1. Mix rosemary, thyme and garlic powder in a small bowl. Reserve 1/2 tsp Heat 1 tsp of the butter in a large saucepan over medium heat. Add mushrooms, carrots and remaining seasoning mixture; cook and stir 3 minutes. Remove from saucepan. Set aside. Melt remaining 3 tsp butter in saucepan over medium heat, stirring to release browned bits from bottom of skillet. Sprinkle with flour; cook and stir 3 to 4 minutes or until flour is lightly browned.

2. Gradually stir in broth until well blended. Bring to a boil. Reduce heat to low; simmer 10 minutes or until slightly thickened, stirring occasionally.

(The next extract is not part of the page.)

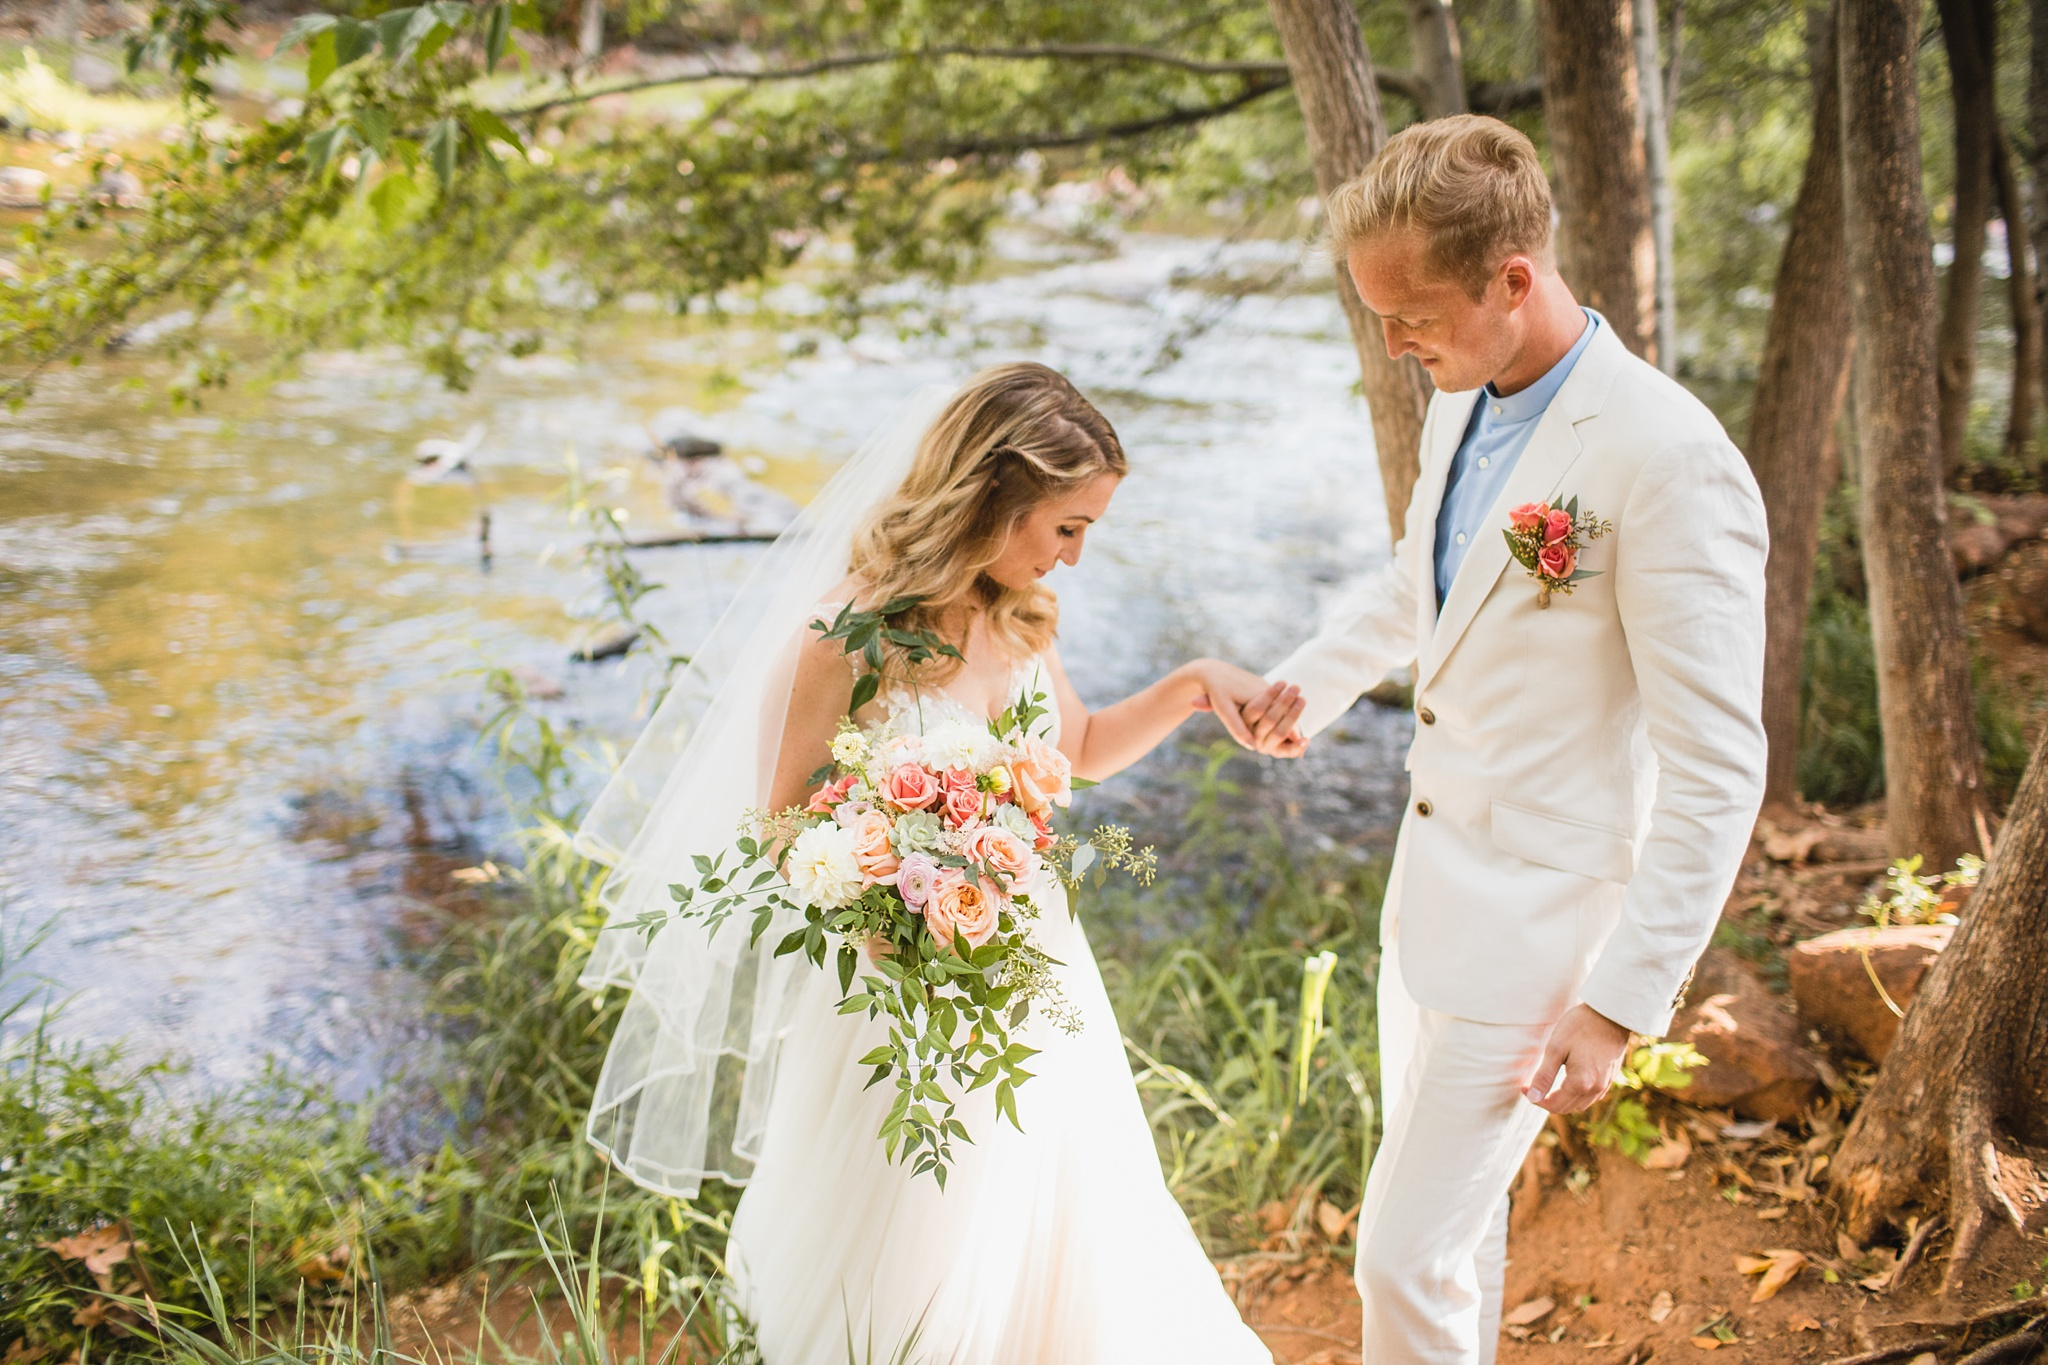 lauberge-sedona-wedding-katrinawallace.com

Add vegetable mixture, chicken, pearl onions and peas; simmer 8 minutes or until chicken is cooked through, stirring occasionally.

3. Meanwhile, preheat oven to 350° F. Cut bread into rounds with 3 inch cookie cutter. Place on baking sheet. Brush bread with oil and sprinkle with reserved seasoning mixture …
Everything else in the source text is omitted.